=== Directions for this task ===
From the line containing "Metal Sign - 1899" to the last line of the data below, copy everything exactly and nothing else; pictures stay out.

=== Source data ===
┌──
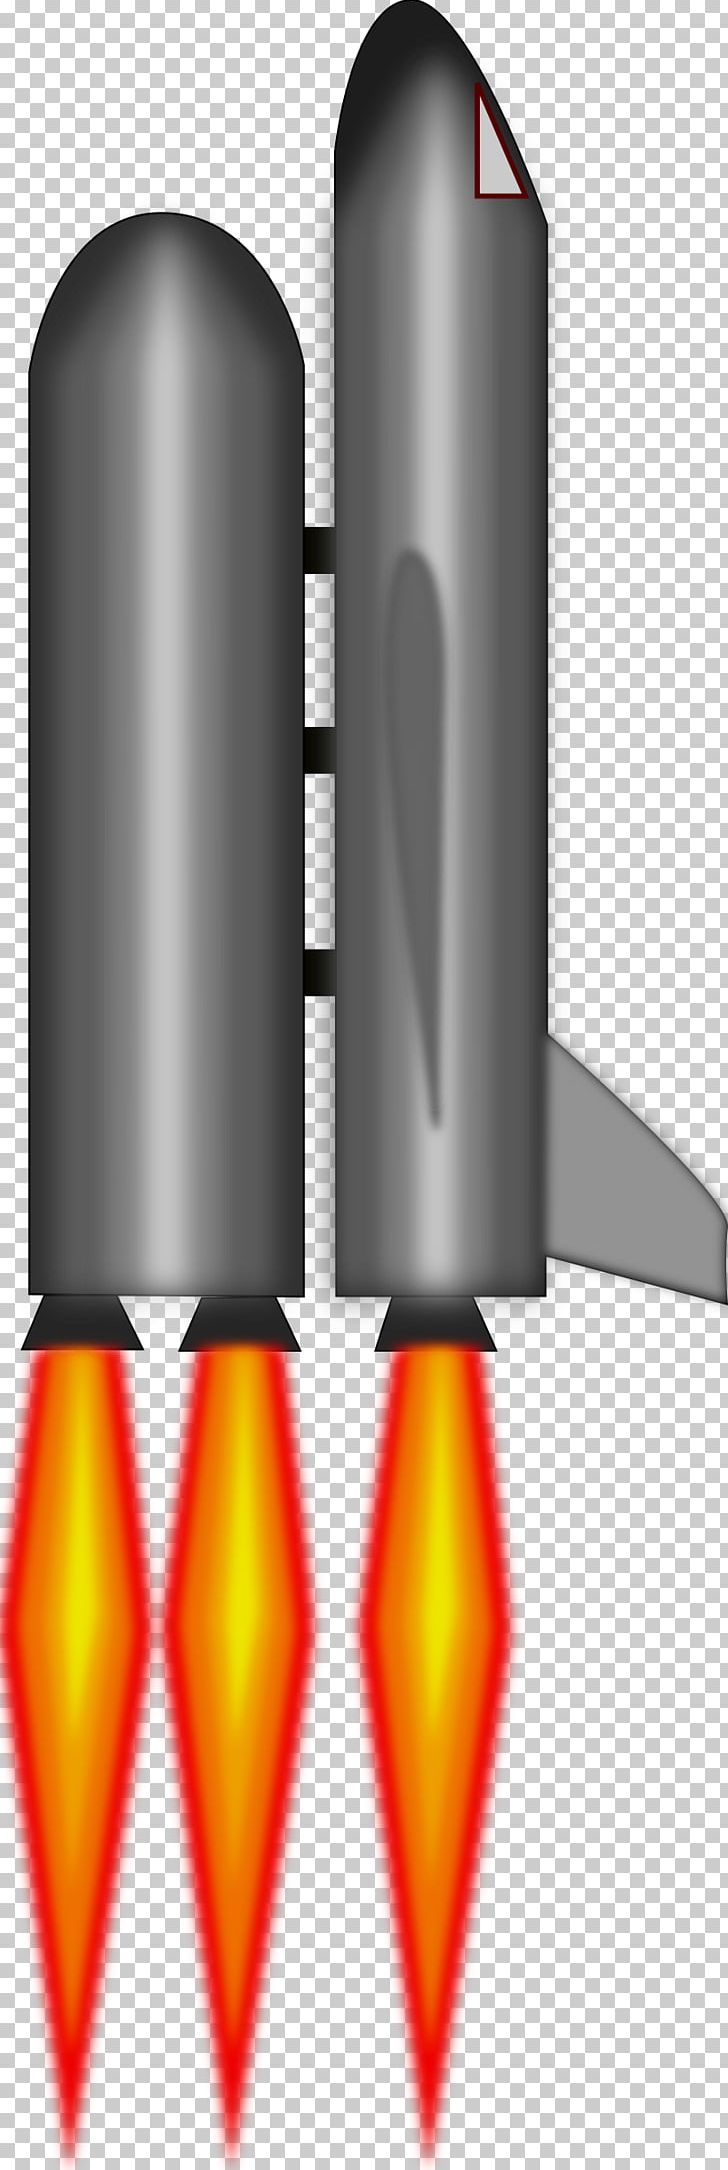 Apollo Program Spacecraft Space Shuttle PNG, Clipart, Apollo, Apollo Program, Computer Icons, Cylinder, Outer Space Free PNG Download
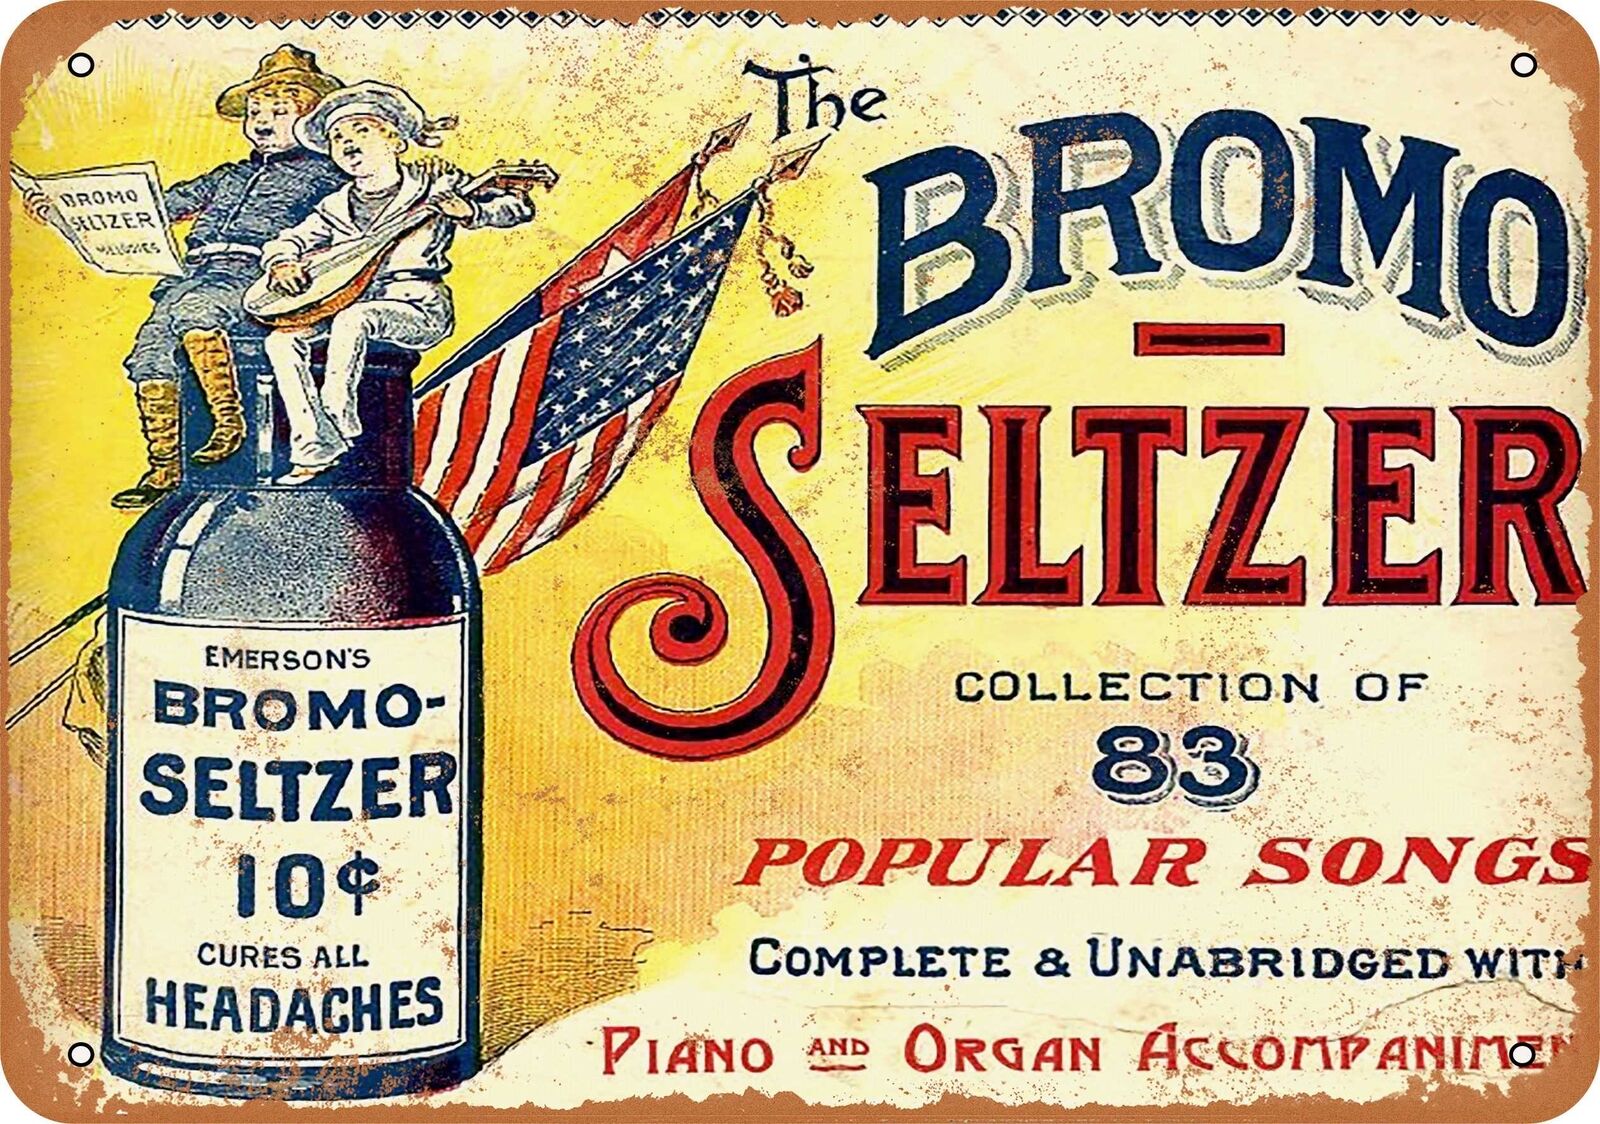 Metal Sign - 1899 Emerson's Bromo-Seltzer - Vintage Look Reproduction
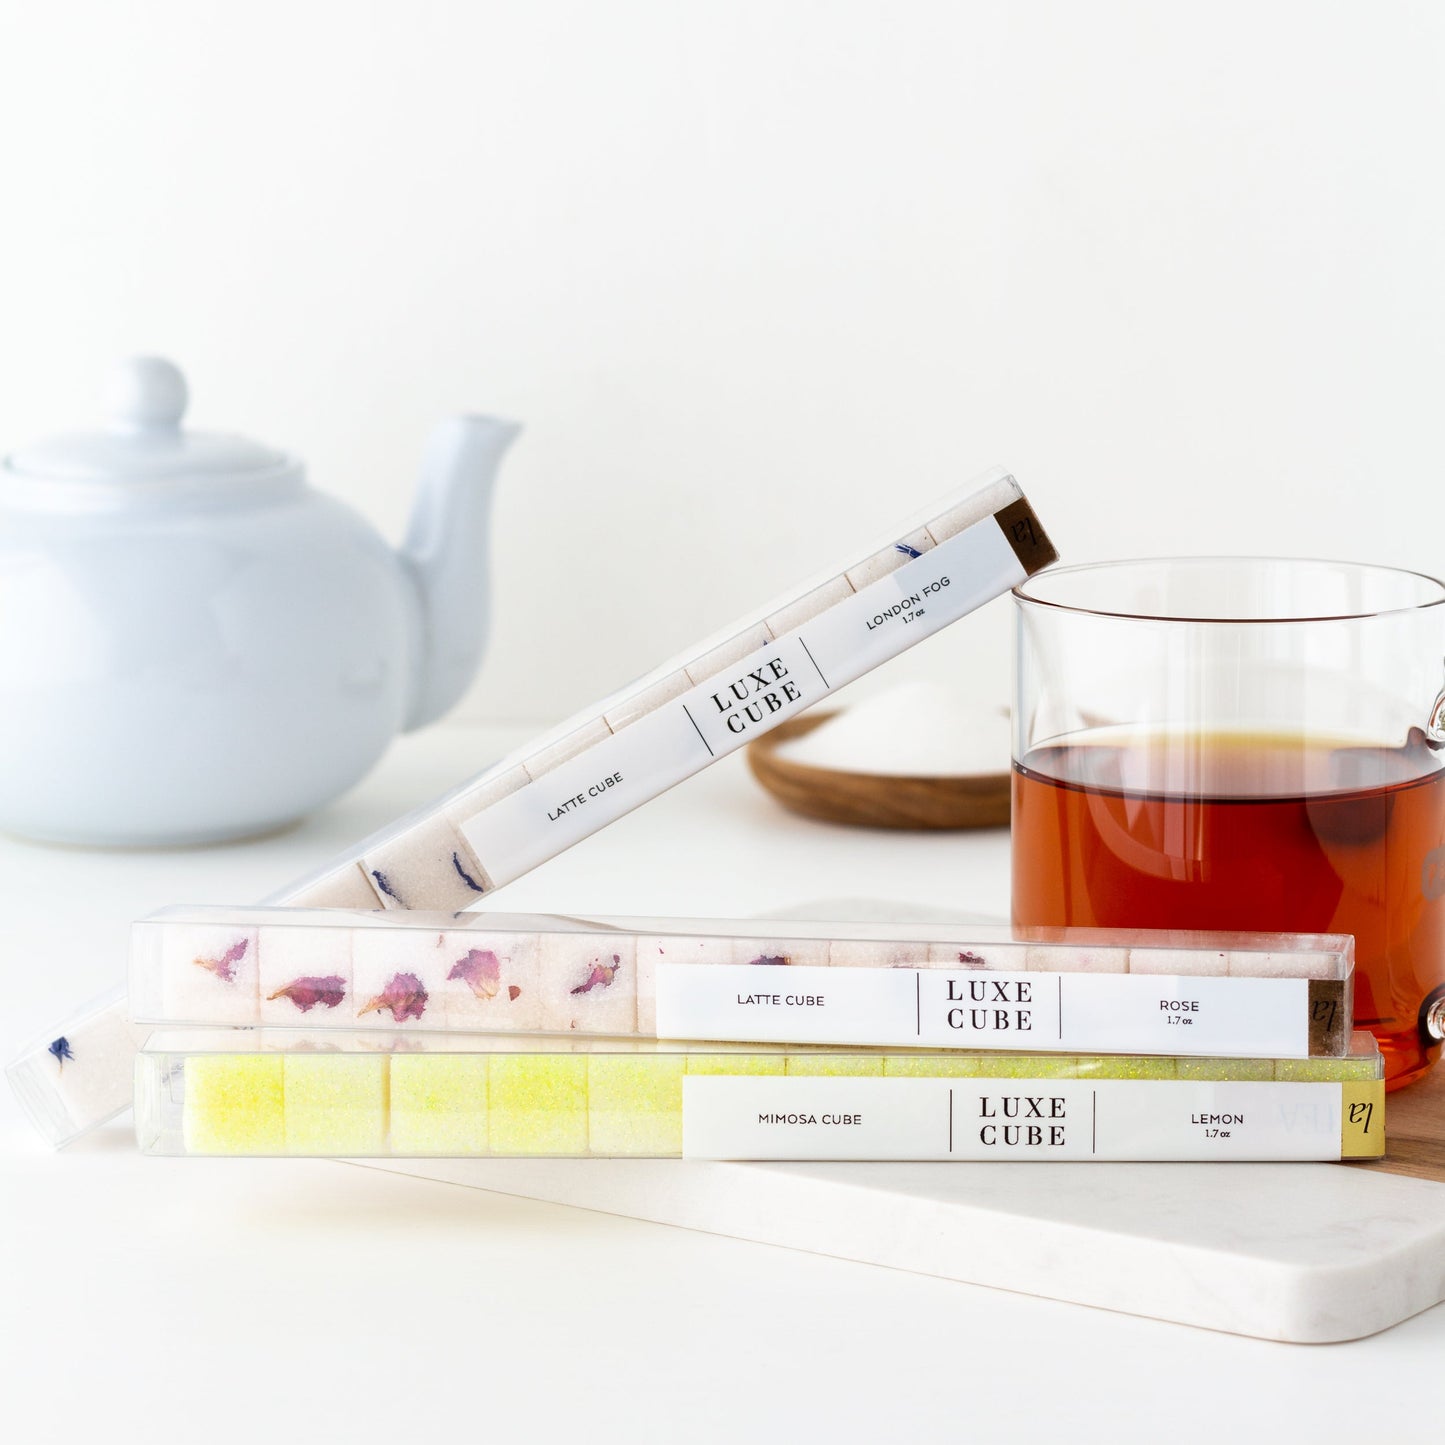 Luxe Sugar Cubes. Packages of 3 flavors (London Fog, Rose, and Lemon) displayed near a mug of tea, with white teapot in background.
└──
=== Answer for this exercise ===
 Metal Sign - 1899 Emerson's Bromo-Seltzer - Vintage Look Reproduction
 Luxe Sugar Cubes. Packages of 3 flavors (London Fog, Rose, and Lemon) displayed near a mug of tea, with white teapot in background.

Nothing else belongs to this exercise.